MAHKEMESİ : Kastamonu İş Mahkemesi TARİHİ : 27/12/2006 NUMARASI : 2006/161-2006/135
Davacı, 1.1.1995-11.7.2006 tarihleri arasında tarım Bağ-Kur sigortalısı olduğunun tespitine karar verilmesini istemiştir. Mahkeme ilamında belirtildiği şekilde, isteğin reddine karar vermiştir. Hükmün davacı vekili tarafından temyiz edilmesi üzerine temyiz isteğinin süresinde olduğu anlaşıldıktan ve Tetkik Hakimi tarafından düzenlenen raporla dosyadaki kağıtlar okunduktan sonra işin gereği düşünüldü ve aşağıdaki karar tesbit edildi.
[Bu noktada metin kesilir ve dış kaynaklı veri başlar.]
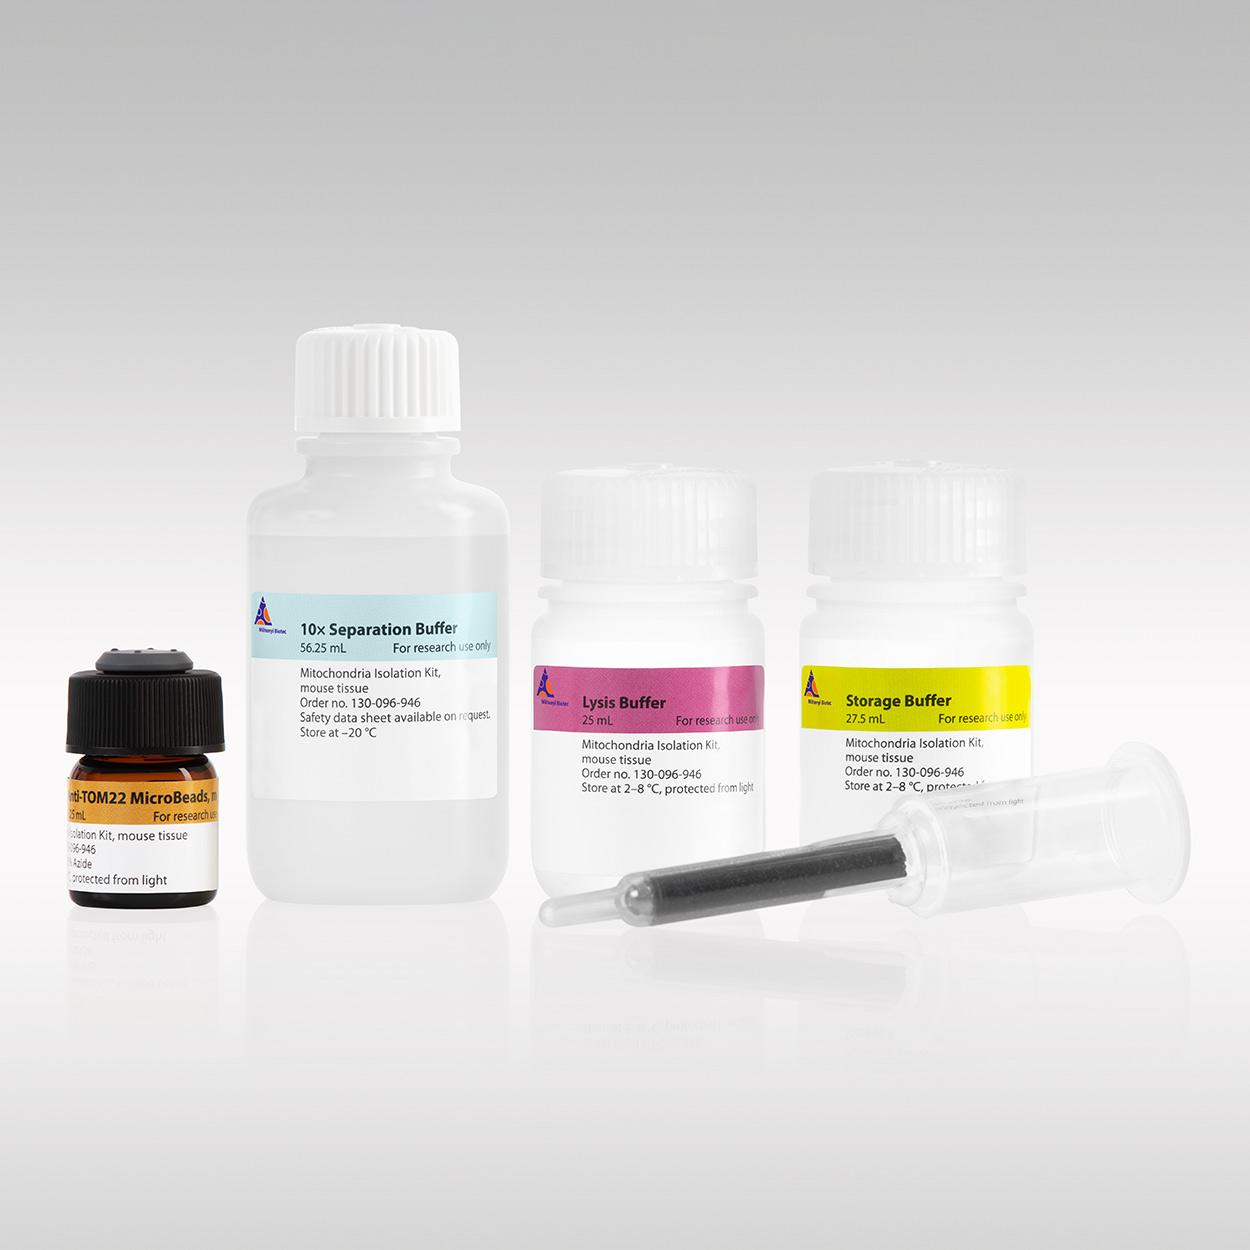 Mitochondria Isolation Kit, human

Dava, davacının 01.01.1995-11.07.2006 tarihleri arasında 2926 sayılı Yasa’ya tabi sigortalı olduğunun tesbiti istemine ilişkindir. Mahkemece ilamda belirtildiği gibi istemin reddine karar verilmiştir. 2926 Sayılı yasa’nın 4/a ve b maddelerinde tarım Bağ-Kur sigortalı olunamayacak haller sayılmıştır. Buna göre; Kanunla veya kanunların verdiği yetkiye dayanılarak kurulan sosyal güvenlik kuruluşlarına prim veya emeklilik keseneği ödemekte olanlar ile bu kuruluşlardan malullük veya yaşlılık aylığı ile daimi tam iş göremezlik geliri almakta olanlar veya aylık veya gelir bağlanması için talepte bulunanlar’ın sigortalı olamayacağı öngörülmektedir. Bu nedenle, 2022 sayılı Kanuna göre alınan aylığın 2926 sayılı yasa kapsamında tarım Bağ-Kur sigortalılığa engel olmadığı ortadadır. Davacının 19.10.1994 tarihinde teslim ettiği ürün bedellerinden Bağ-kur prim kesintisi yapıldığı, 1978 yılından itibaren Kooperatif üyeliği, 1997 yılından itibaren Ziraat Odası üyeliğinin bulunduğu ve köy muhtarının yazılı beyanı ile köyde çiftçilik yaptığı dosyadaki kayıt ve belgelerden anlaşılmaktadır. Davacının Bağ-kur prim tevkifatının yapıldığı tarihi takip eden ay başı olan 01..05.1995 tarihinden itibaren Bağ-Kur sigortalı olduğunun kabulü yerine, 2022 sayılı yasaya göre Emekli Sandığından aylık aldığı gerekçesi ile yazılı şekilde hüküm kurulması usul ve yasaya aykırı olup bozma nedenidir. O halde, davacının bu yönleri amaçlayan temyiz itirazları kabul edilmeli ve hüküm bozulmalıdır. SONUÇ: Hükmün yukarıda açıklanan nedenlerle BOZULMASINA, temyiz harcının istek halinde davacıya iadesine, 28.01.2008 gününde oybirliğiyle karar verildi.